The script performs pairwise t-tests to compare multiple methods on several datasets. It uses the Bonferroni correction to ajust the significance level of the tests for the multiple comparisons. It supposes that the results are paired, like the results obtained, for instance, from a stratified ten-fold cross-validation test.

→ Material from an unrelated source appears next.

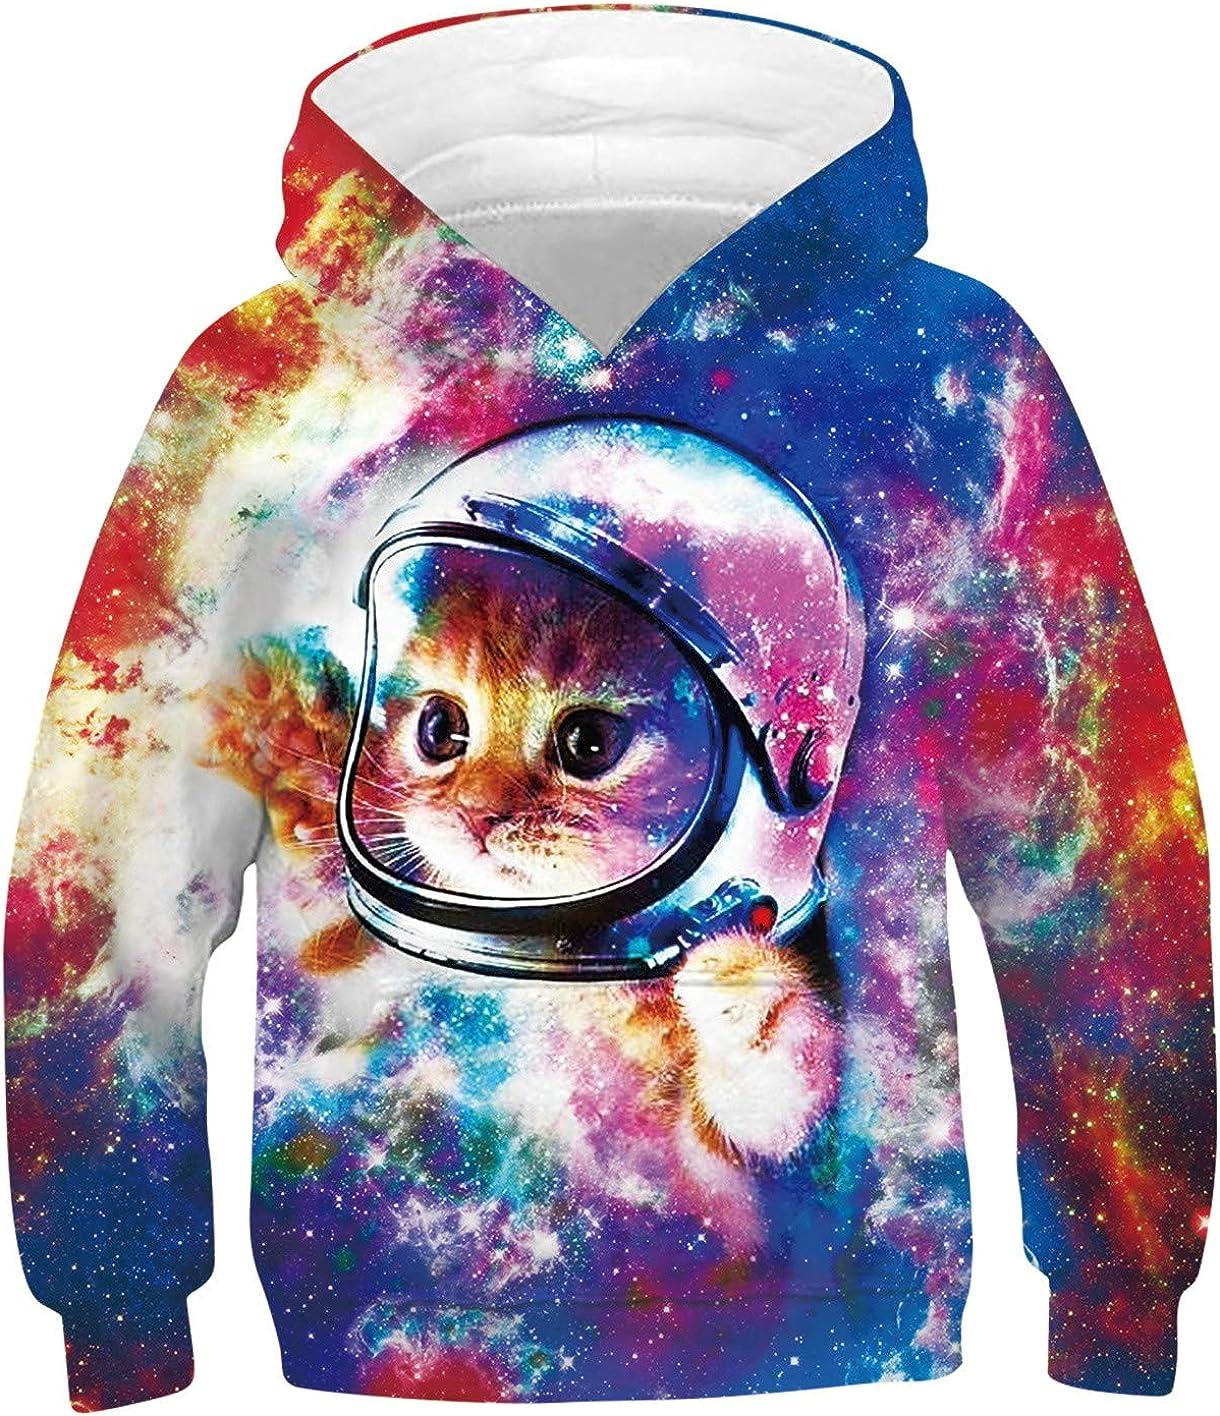 TUONROAD Kids Boys Girls Graphic Hoodies Shark Cat Pullover Sweatshirt Spring Fall Sweater Hoodie 6-16 Years

The script reads a text file with the following format:

<dataset1> <method1> <numerical result 1>
<dataset1> <method1> <numerical result 2>
.
.
.
<dataset1> <method2> <numerical result 1>
.
.
.


--------------------------------------------------------------
data<-read.table("results_file.dat")
for(dataset in levels(data$V1)){
print(sprintf("%s",dataset));
data2<-data[data$V1==dataset,];
res<-pairwise.t.test(data$V3,data$V2,p.adj=
"bonf",pool.sd=FALSE,paired=TRUE)$p.value;
rows<-dimnames(res)[[1]];
cols<-dimnames(res)[[2]];
for(m1 in rows){
for(m2 in cols){
val<-res[m1,m2];
if(!is.na(val) && val<0.05){
ave1<-mean(data2[data2$v2==m1,]$v3);
ave2<-mean(data2[data2$v2==m2,]$v3);
if(ave1>ave2){
print(sprintf("Sig %s %s -> %s",dataset,m1,m2))
}else{
print(sprintf("Sig %s %s -> %s",dataset,m2,m1))
}
}
}
}
}
--------------------------------------------------------------

The script prints a message for each significant difference observed in the results, using a confidence level of 95%

Another script I use very often is a perl wrapper for gnuplot, the plotting program from the GNU project. The script generates draft plots just to check how do the results look, without the overhead of launching other programs that can generate more fancy plots like Matlab.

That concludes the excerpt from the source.